- TASK GOAL -
Would you please transcribe the listing exactly, with no images?

- SOURCE MATERIAL -
╭──
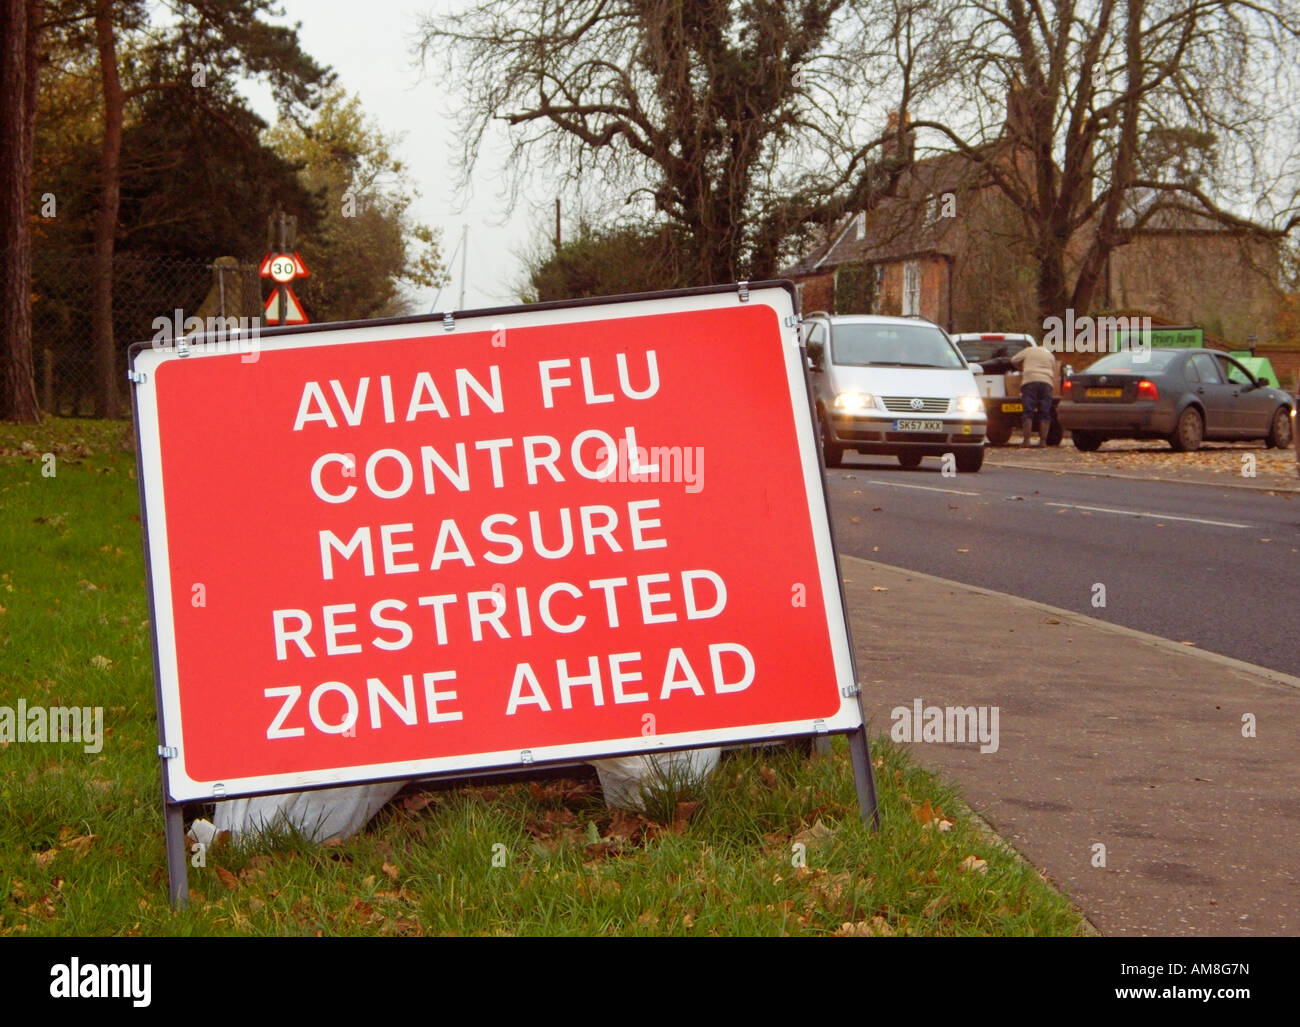 Avian Flu Control Measure Restricted Zone Ends sign. Known also as Avian influenza or Bird flu Stock Photo
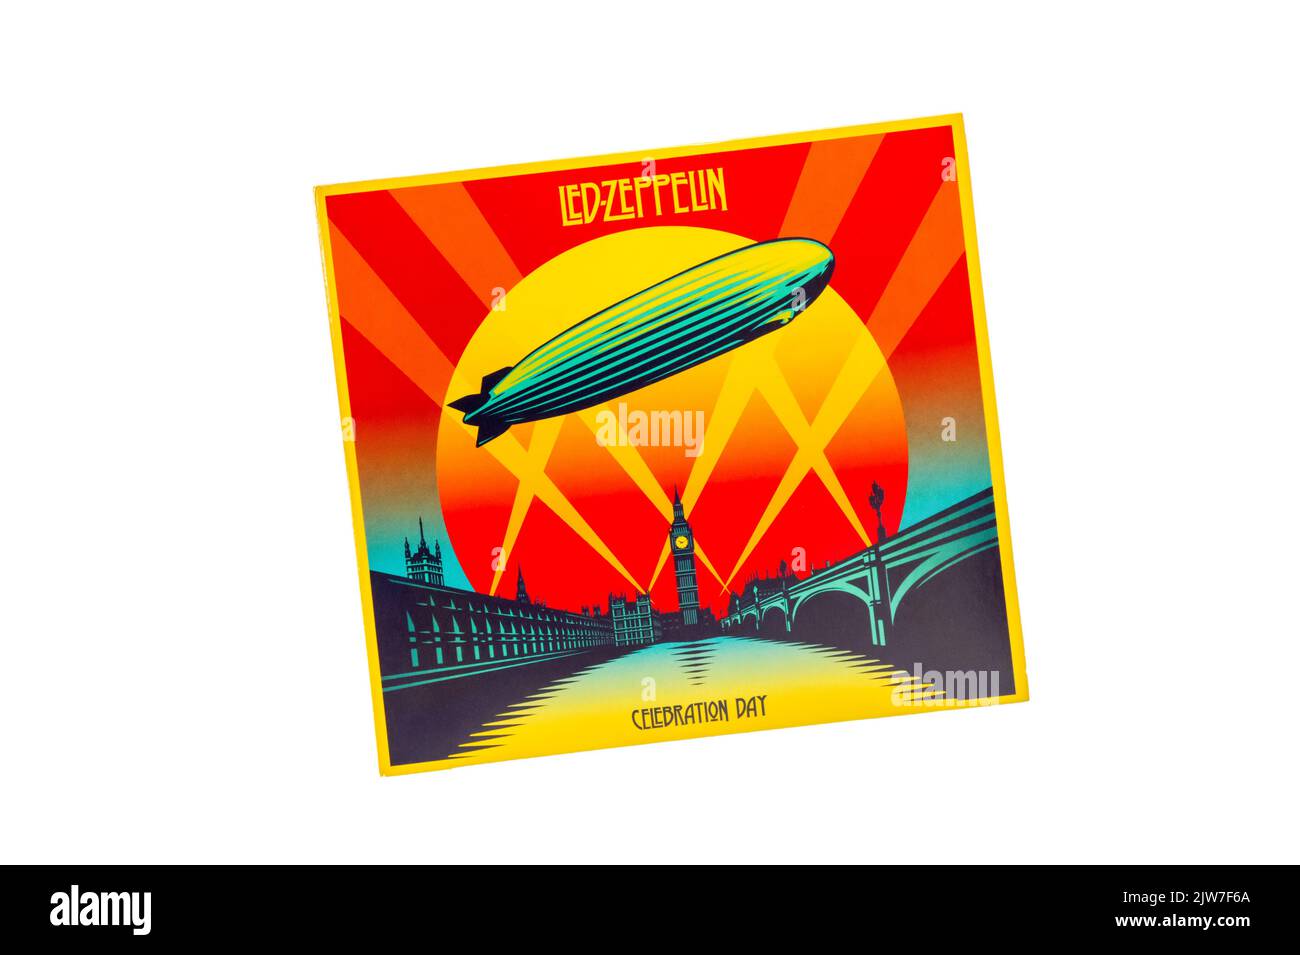 Celebration Day is a live album CD of the Led Zeppelin concert at the O2 Arena in 2007. Stock Photo
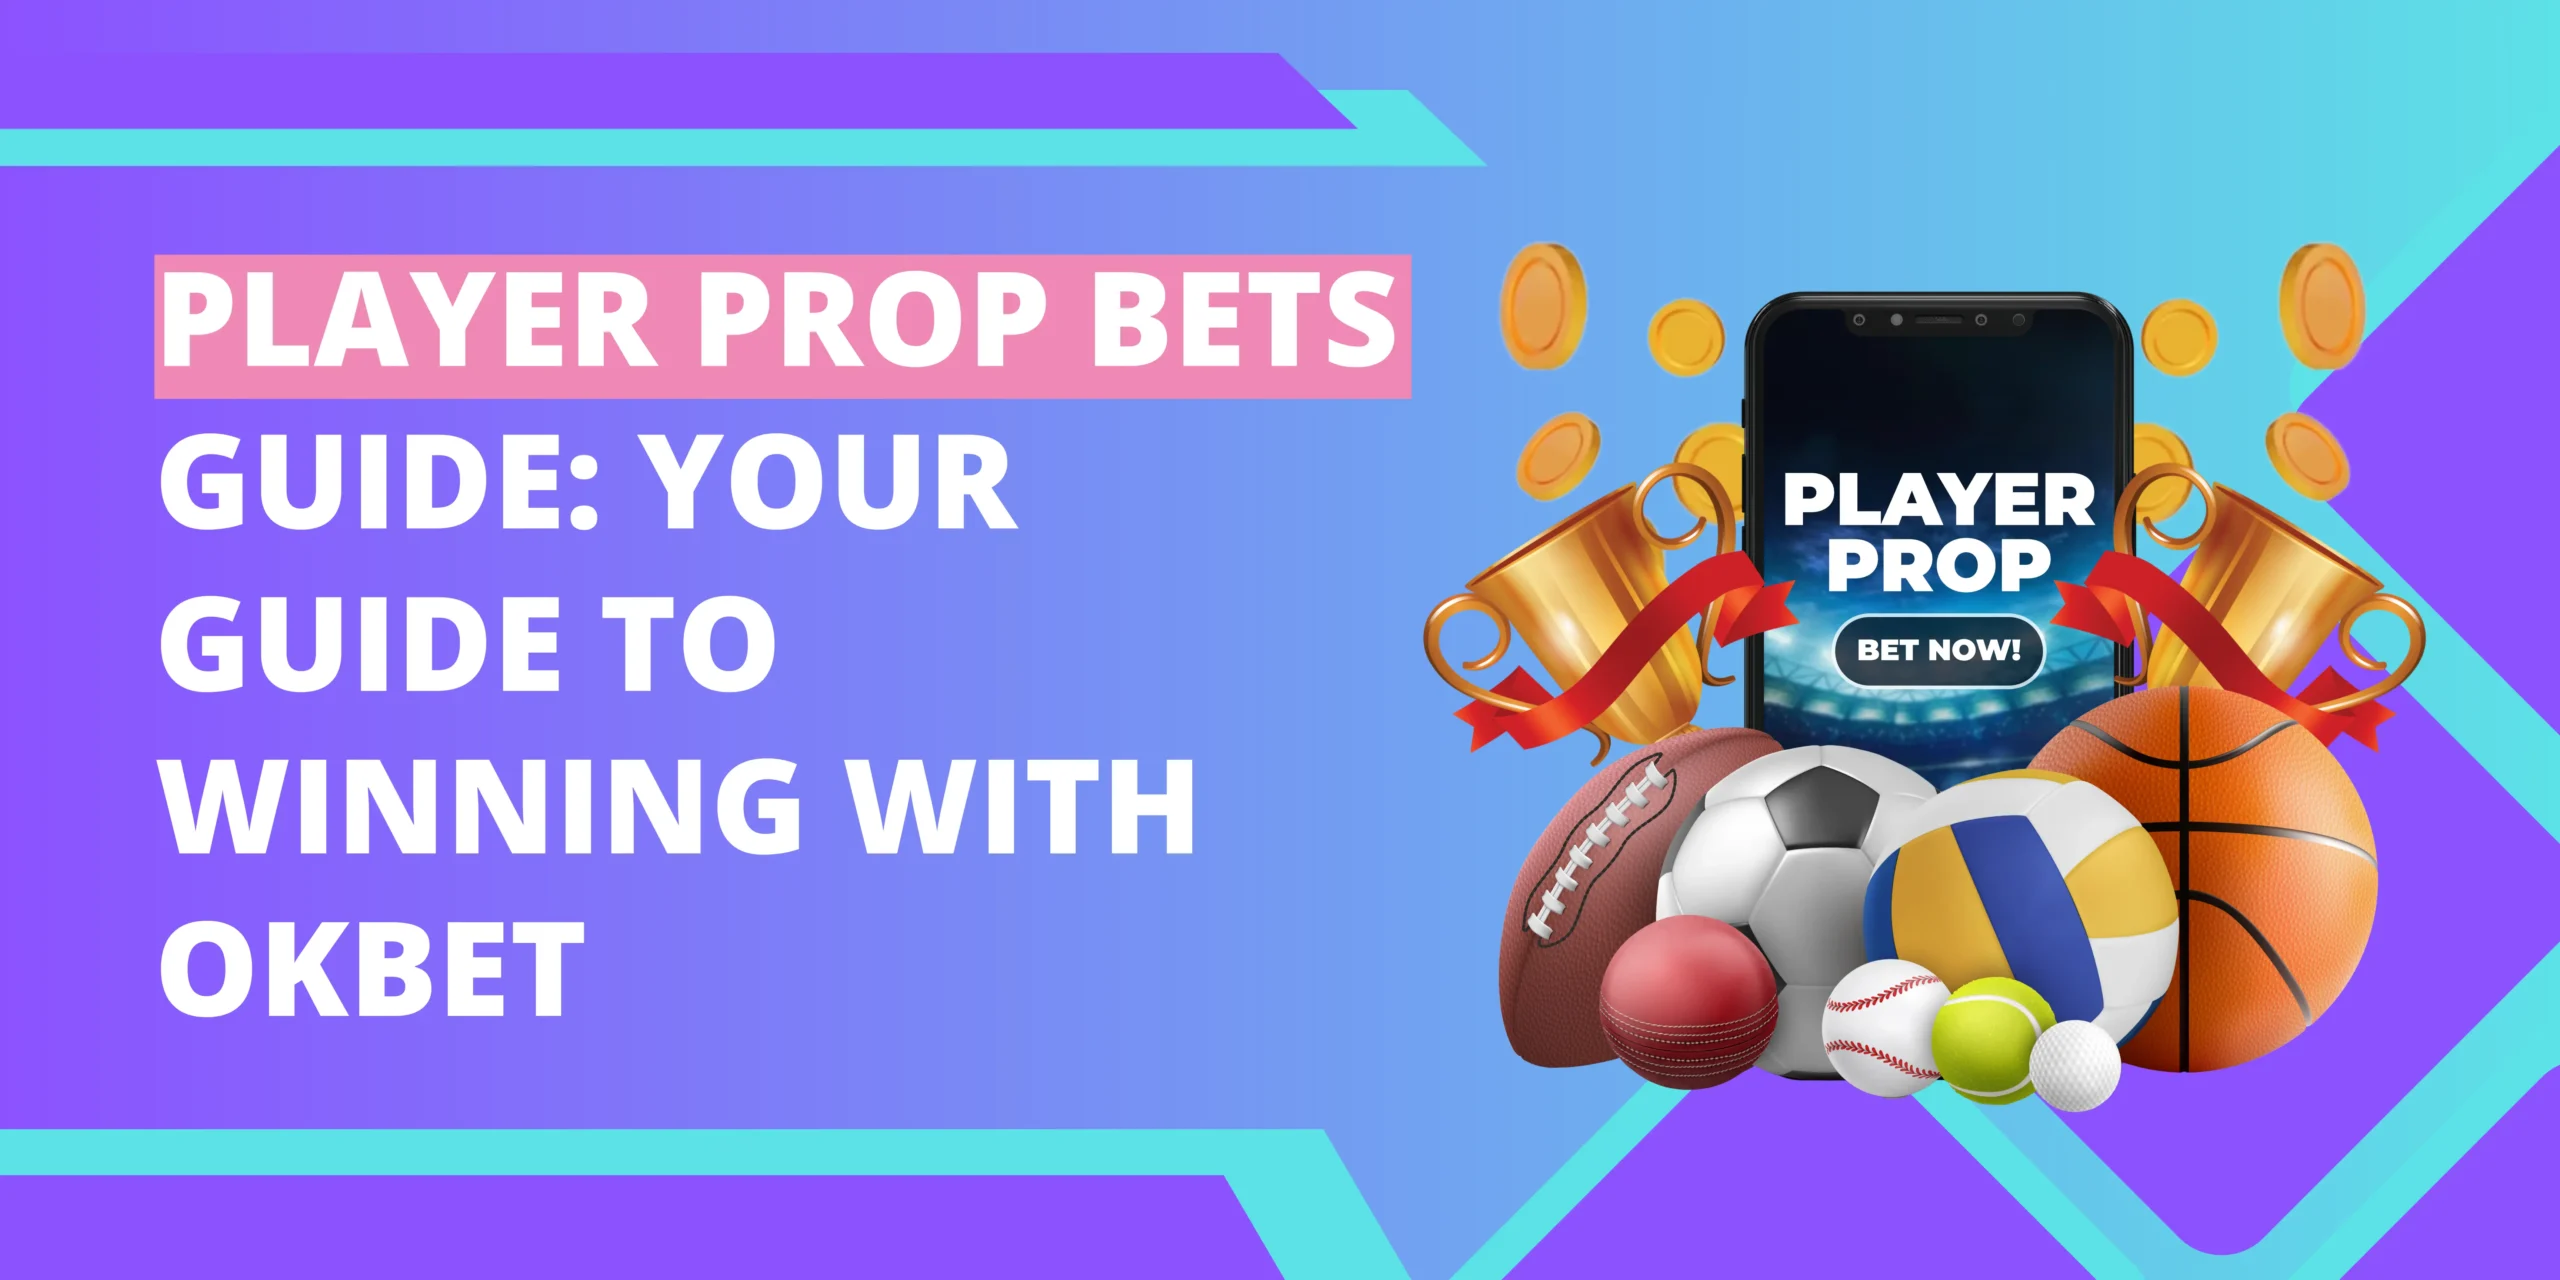 Player Prop Bets Guide: Your Guide to Winning with OKBet
╰──
- EXPECTED OUTPUT -
 Avian Flu Control Measure Restricted Zone Ends sign. Known also as Avian influenza or Bird flu Stock Photo
 Celebration Day is a live album CD of the Led Zeppelin concert at the O2 Arena in 2007. Stock Photo
 Player Prop Bets Guide: Your Guide to Winning with OKBet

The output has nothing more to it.